A zoo as a gift
Zoo, Poznań, 1927-1936, photo: Polona National Library
A zoological garden only a few years younger is located in Poznań. Interestingly, it may not have been established if not for… bowling. According to Łukaszewicz, the place started off as 'a modest preserve, founded by a merry company on the day of their chairman’s name day'. The chairman in question managed a bowlers’ club, and the merry company was comprised of bowling enthusiasts. They decided to create a menagerie in a restaurant garden by the train station, purchasing the animals they encountered on the way:
his friends gifted him a range of different animals, partly wild, partly domestic, that is pigs, goats, a boar, a cat, a duck, a goose, a rooster, a rabbit, a squirrel, a peacock, as well as a bear and a monkey bought at a Romani camp. Very pleased, the jubilarian put all those specimen in small enclosures of the train station restaurant and attempted to expand this small menagerie by introducing a variety of winged and pawed creatures. The joke became the foundation for what would later become the Poznań zoological garden.
- reported Kronika Stołecznego Miasta Poznania (Capital City of Poznań Chronicle) in 1946.
The menagerie assembled in 1871 started to grow, soon becoming a ticketed local attraction. In 1875 it was registered under the name of the Poznań Zoological Garden. The place became so renowned that at one point it even hosted Edward and Johann Strauss, both of whom happened to give a concert on the zoo’s grounds. In the late 19th century, the former managed to attract 5 thousand viewers to his performance, on which occasion the zoo was lit up with a cannonade of fireworks. Back then, probably no one took into consideration how such a form of entertainment may influence the psychological state of the animals. But the history of the Poznań zoological garden – similarly to the Wrocław one – also includes shocking events related to people. The menageries on today’s lands of Poland also comprised so-called ‘ethnographic exhibitions’, which was a euphemism used to refer to the heinous practice of putting so-called ‘savages’ on display. For the owners of the zoos, the status of incomers from other continents (including the Congolese, the Laplanders, the Bedouins) was that of exhibitions. A critical artistic response to the history of European racism and colonialism was made by a South African dramatist, director and curator Brett Bailey, whose work ‘Exhibit B’ was shown as a part of the Wrocław theatrical festival Dialog in 2013.
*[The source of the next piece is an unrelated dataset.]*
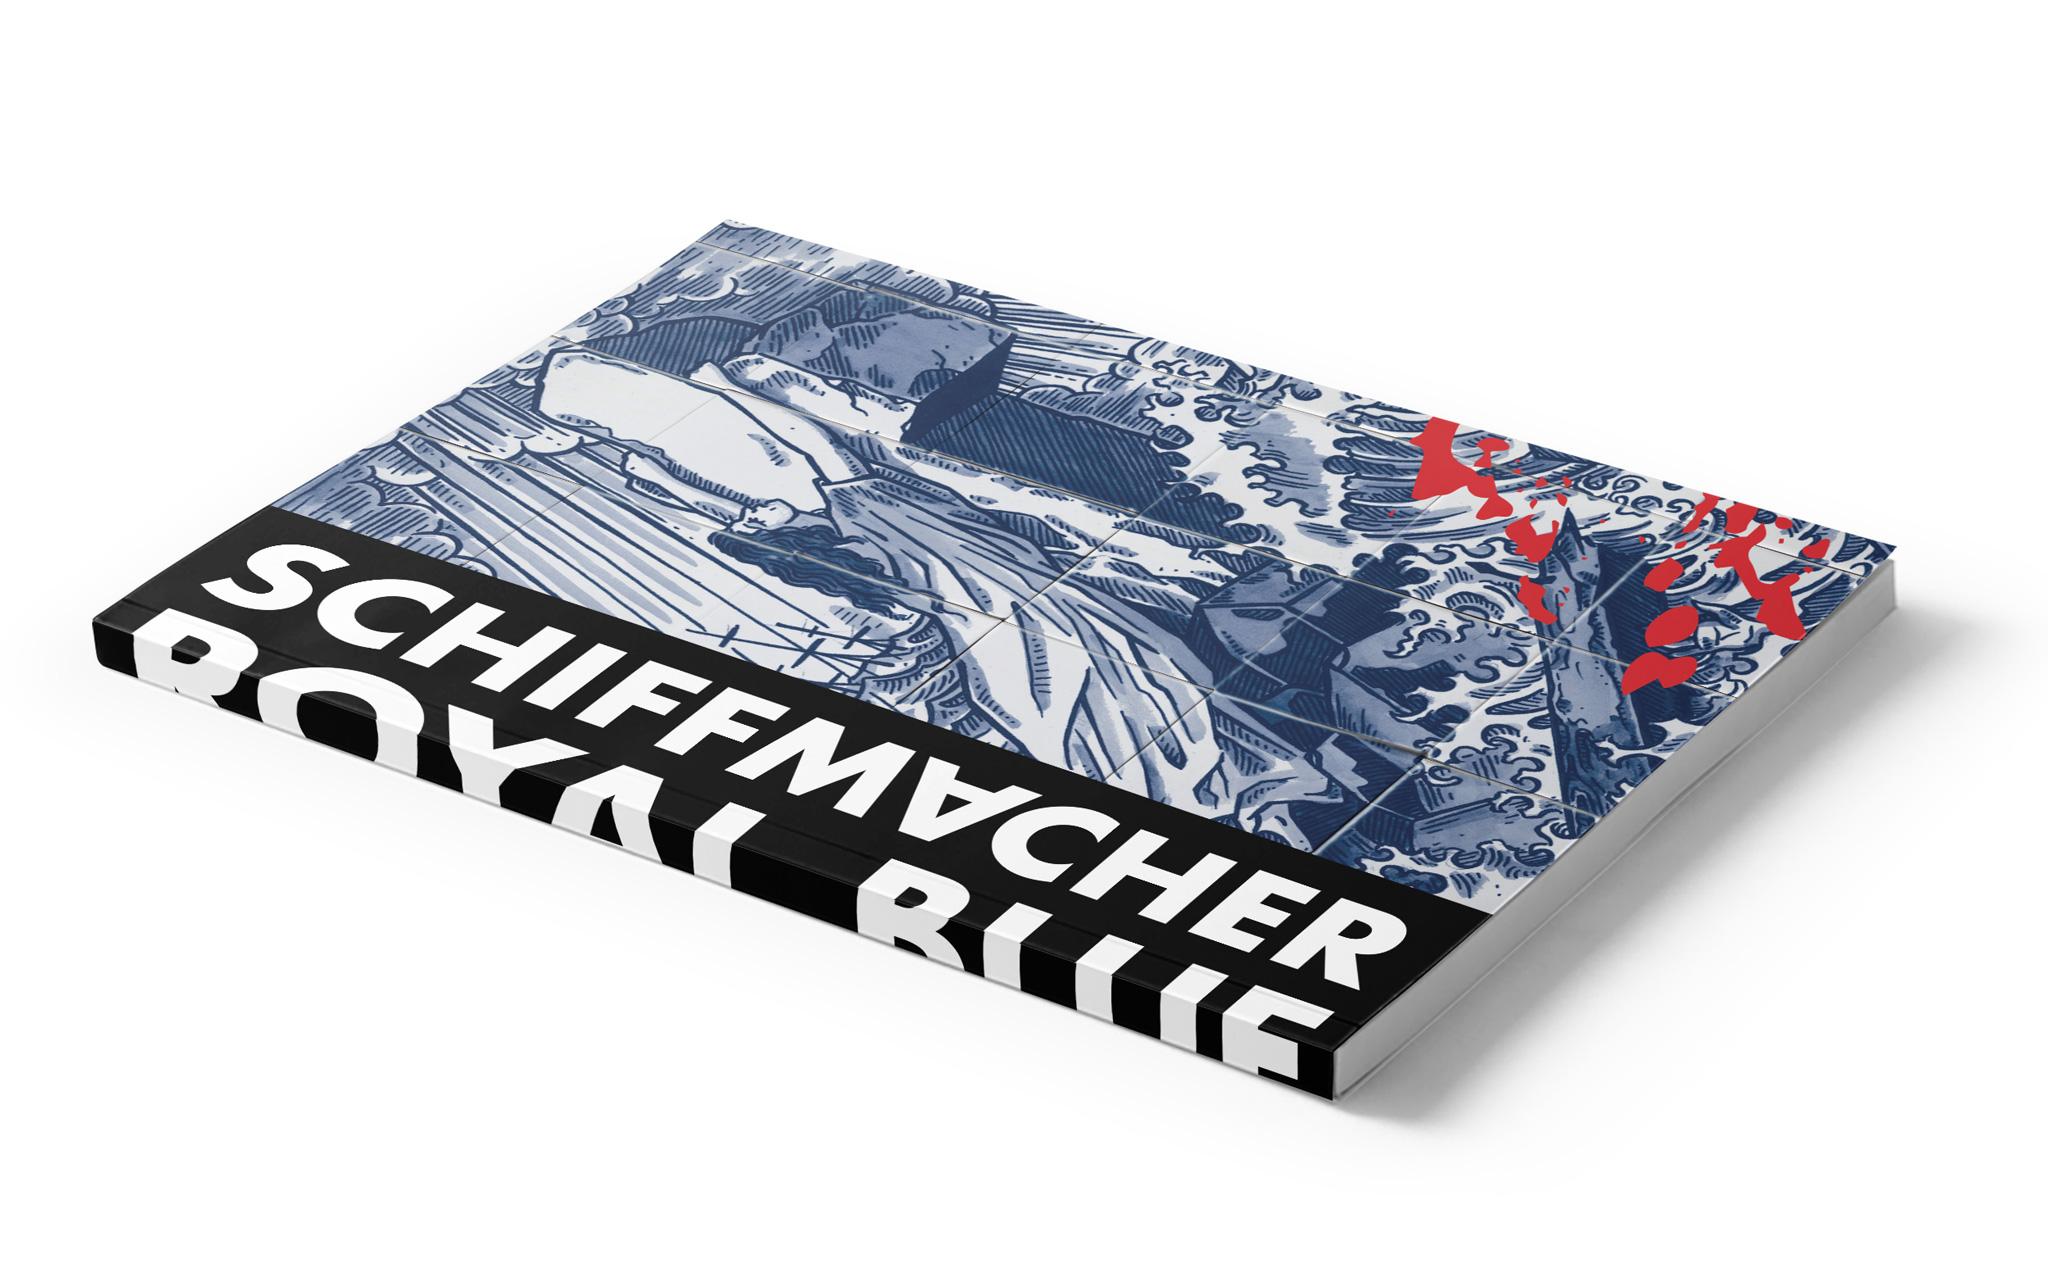 Schiffmacher Royal Blue Tattoo boek

The Poznań zoo survived both world wars with only a slightly better outcome than the Wrocław one in terms of the number of specimen. Besides, there were two post-war transfers between the two menageries – animals from ruined Wrocław ended up in Poznań, and remained there until 1948, when they returned to their rebuilt refuge. The 100th anniversary of the establishment of the Poznań zoo was celebrated by the founding of the New Zoo – the second, larger part of the establishment taking up the area of the Biała Góra (White Mountain) district.